The next key is in the mineral content of the spheres. Aragonite, this form of calcium carbonate has properties that promote microbial growth and acts as a mineral substrate for initiating an autopoetic biochemical cycle. This mineral has been discovered to be a fundamental element in maintaining an autopoetic system in coral reefs and closed artificial systems such as salt water aquariums.

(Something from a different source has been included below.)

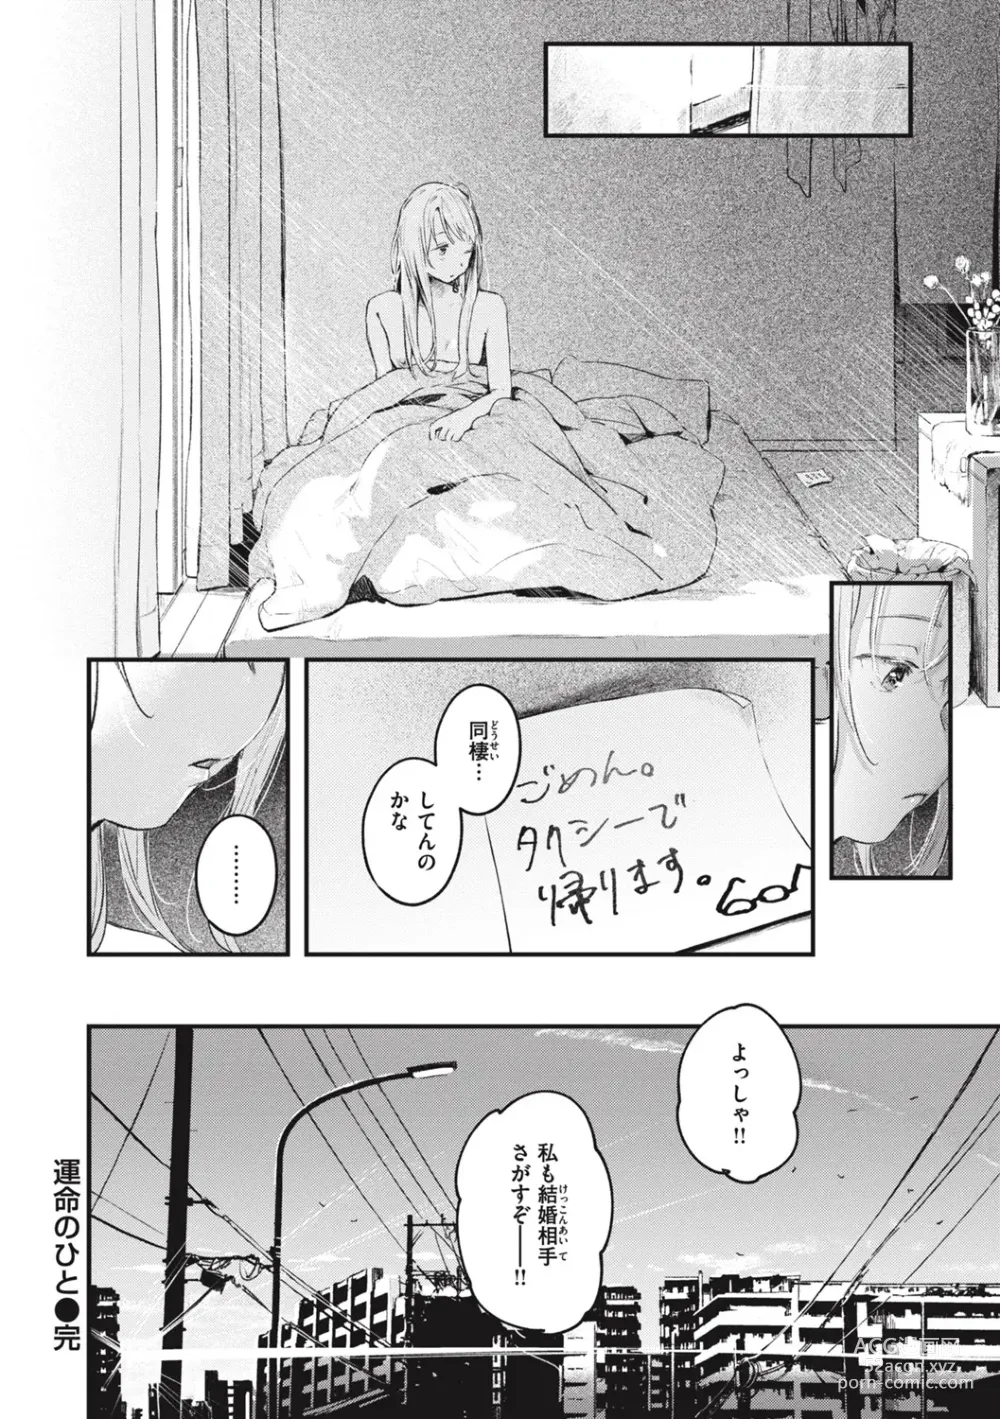 Page 204 of manga Koi no Mukidashi

Another important roll of the oolites is in their ability to act as a dynamic scaffolding. As the aragonite spheres dissolve though chemical and mechanical forces, a synergy unfolds throughout the emerging structure, As the oolites shrink they become point attractors among the eukaryote cells, that have now adopted the fluid energetic pattern left by the cyanobacteria filaments. As the oolites lose mass they induce the production of new filaments that emerge from the outer cellular membranes of the eukaryotes. Anchoring proteins extend through the plasma membrane to link to the emerging cytoskeleton structure. Simply put, as the temporary oolitic scaffolding deconstructs, it constructs it's permanent replacement. These Anchoring-type junctions not only hold cells together but provide tissues with structural cohesion. These junctions are produced more abundantly in tissues that are subject to higher mechanical stress such as the outer skin and heart. Connective tissues begin forming flexible geodesic scaffolding by drawing in and connecting to points in space where the oolites have now vacated. These connecting points form the extracellular matrix, meanwhile the vesica apertures acts as a cycle attractor spiraling inward keeping a central tension as the embryo loses mass and takes shape, simultaneously providing a flow of renewing sea water though the recursive system as it pulses in time with wave cycles. The central apertures begins to coil in slack in the form of a layered network of connected cells. This dense mass of wound together cells will form heart tissue. This tension that connects eukaryote cells in a medium of cohesion is called (tensegrity). Tensegrity results in a crystallization of connections in the architecture of the emerging organism, enabling the individual cell though it's own intracellular matrix to respond to a potential fitness space. This crystallization of the recursive dynamic structure might well result in an "algorithmic self-assembly" of genetic probabilities.
http://www.iscid.org/boards/ubb-get_topic-f-26-t-000007
[ 13. June 2006, 16:09: Message edited by: christopher humphrey ]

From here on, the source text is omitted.